**Data provided**:
----

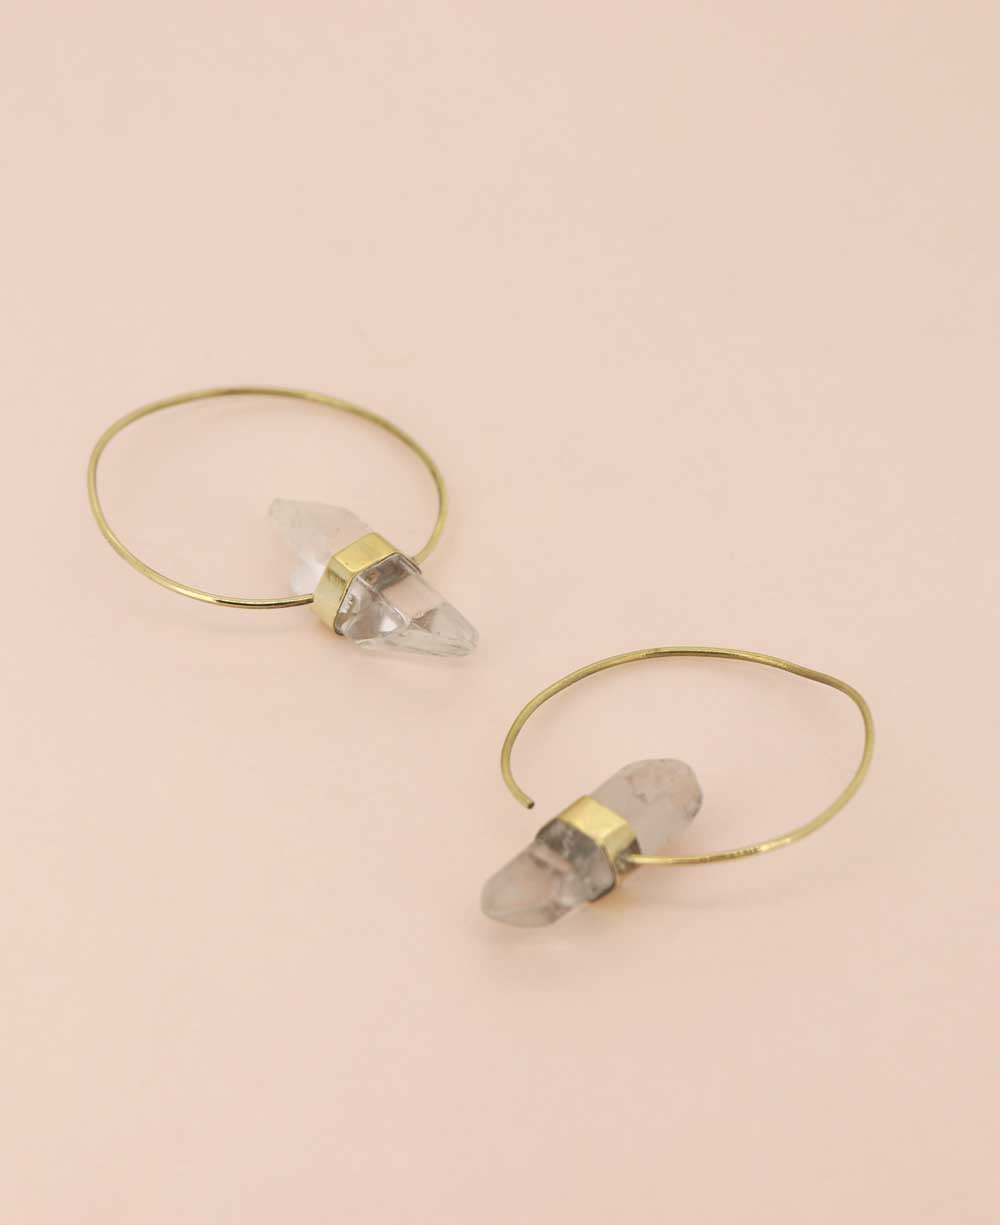 Quartz and brass threader earrings
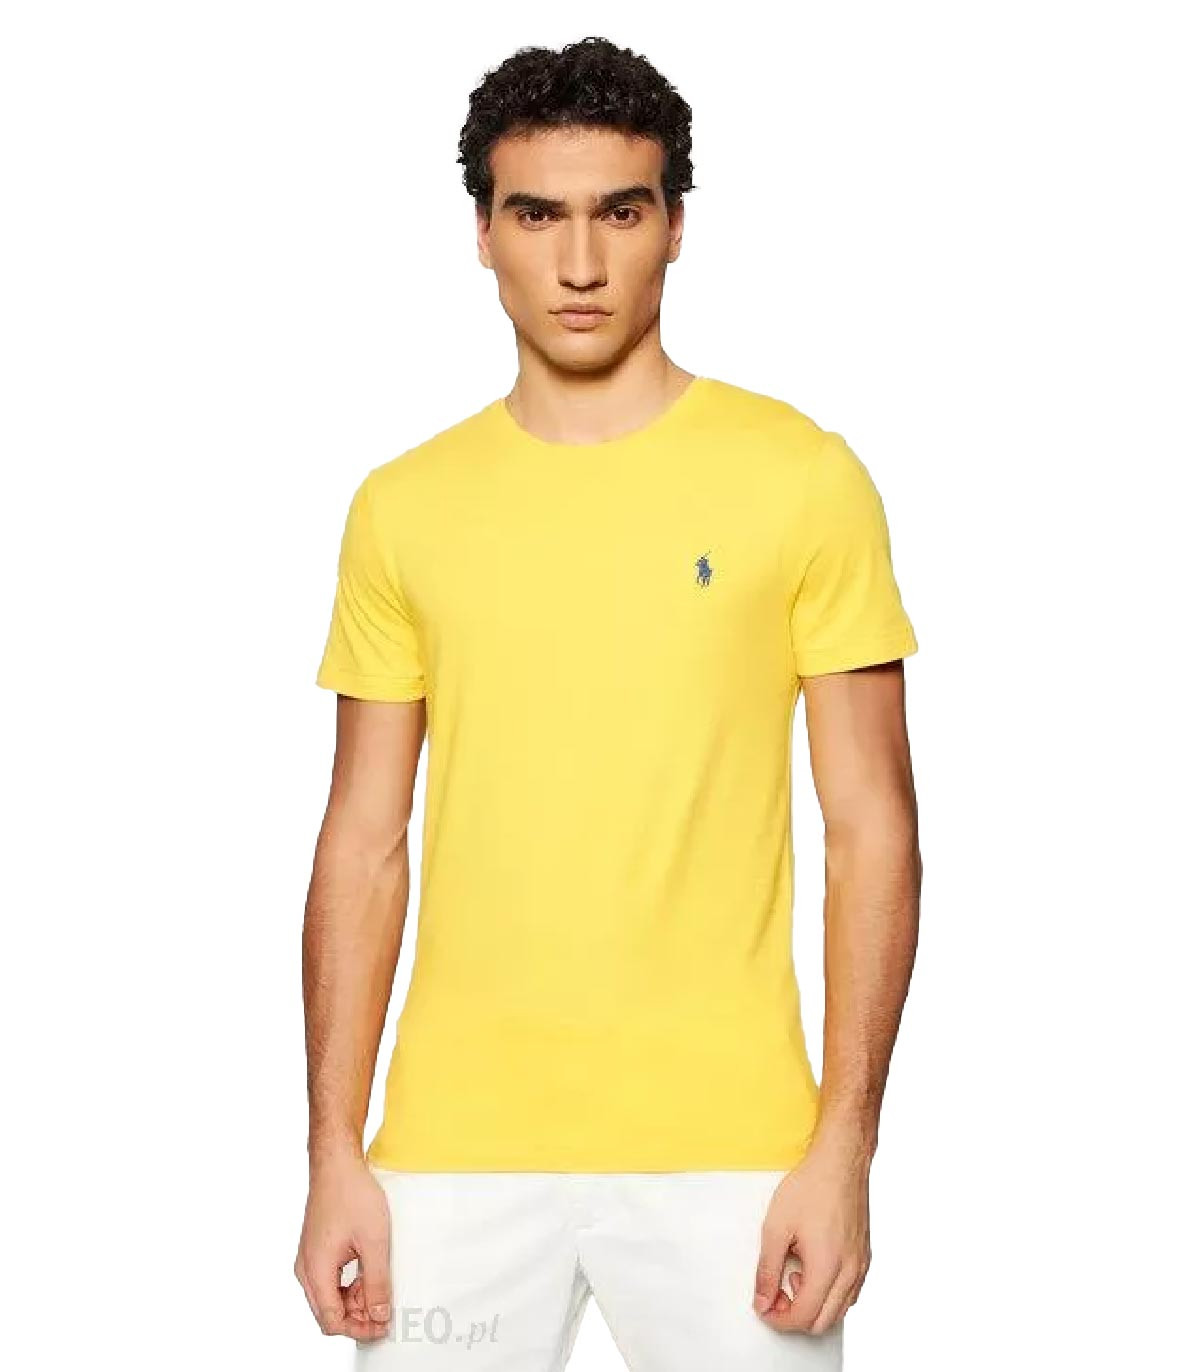 Polo Ralph Lauren - Camiseta Slim Fit - Amarillo
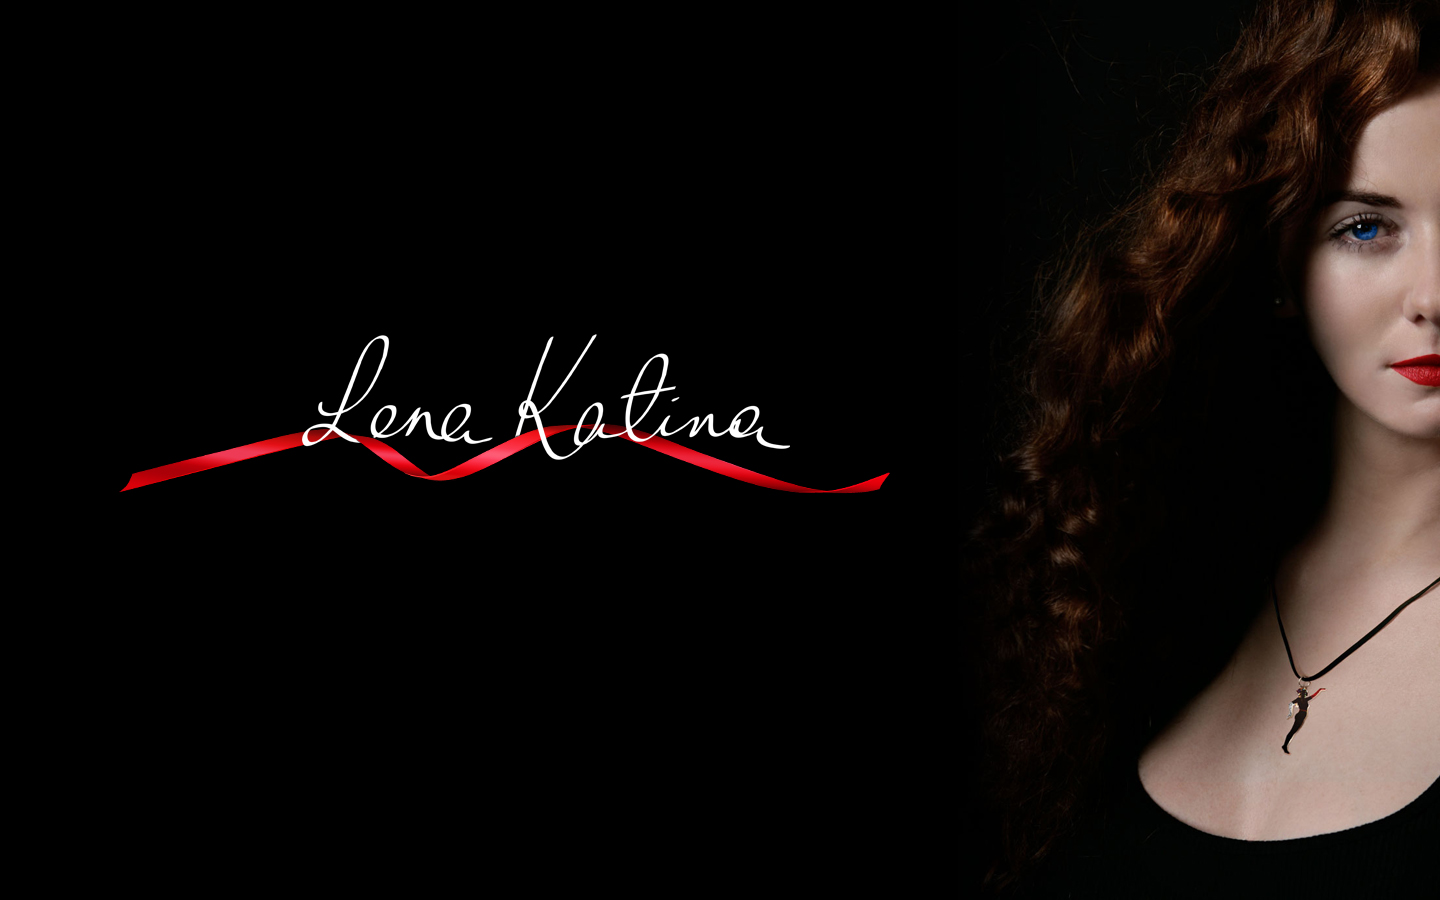 Lena Katina Wallpapers
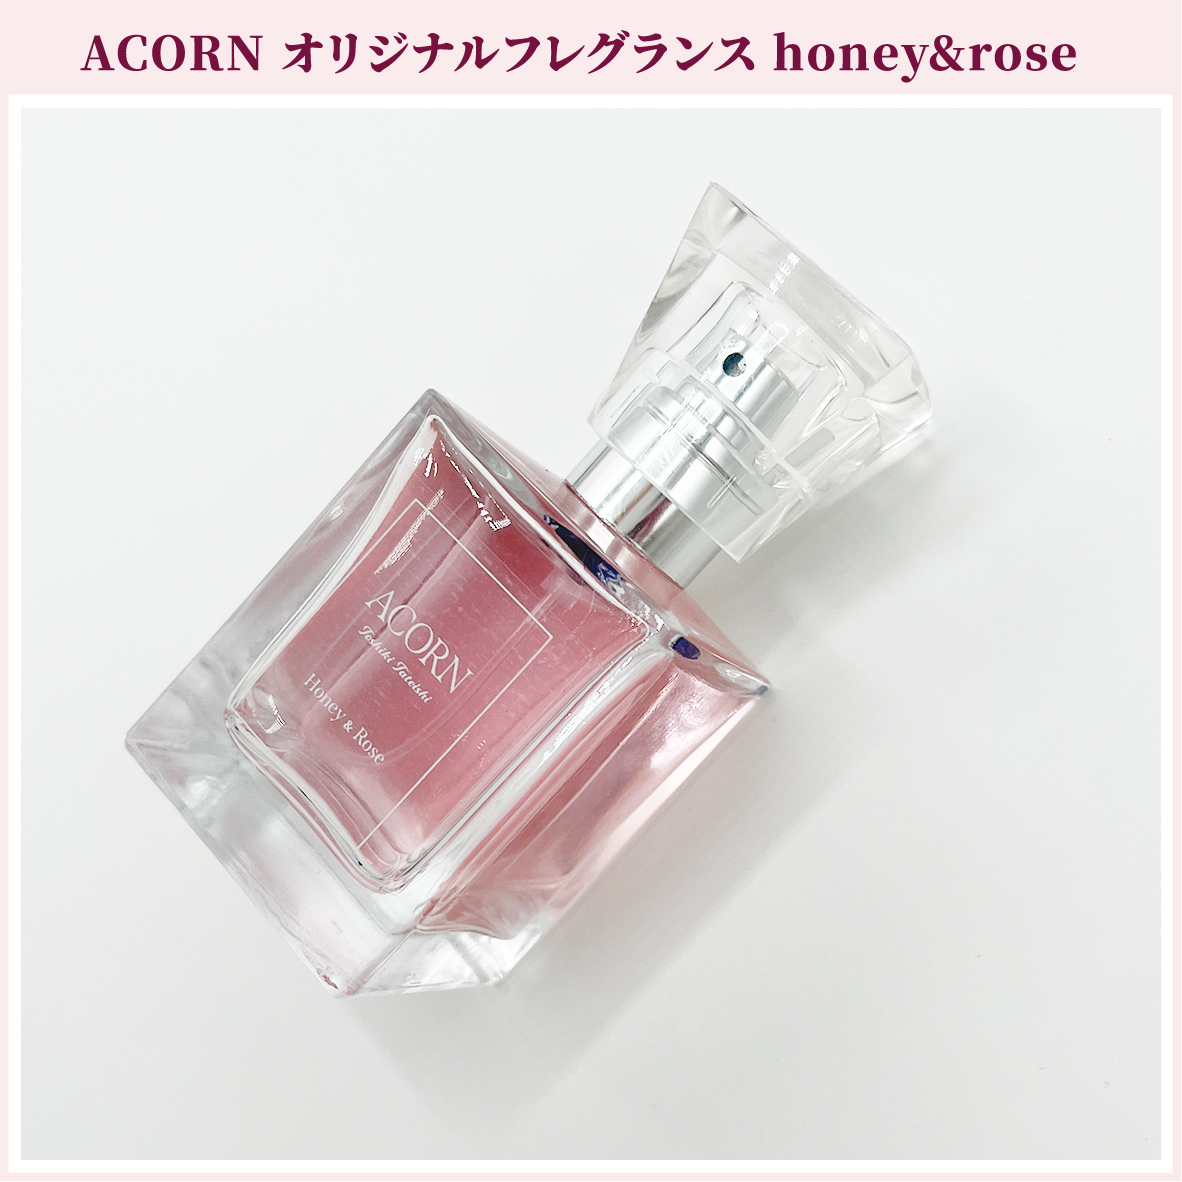 ACORN オリジナルフレグランス honey&rose (ACORN会員限定特典付き)

----

**Exercise prompt**: Exactly repeat every line from the line that includes "Polo Ralph Lauren" to the end of the listing, and nothing else, leaving pictures out.

**Exercise result**:
 Polo Ralph Lauren - Camiseta Slim Fit - Amarillo
 Lena Katina Wallpapers
 ACORN オリジナルフレグランス honey&rose (ACORN会員限定特典付き)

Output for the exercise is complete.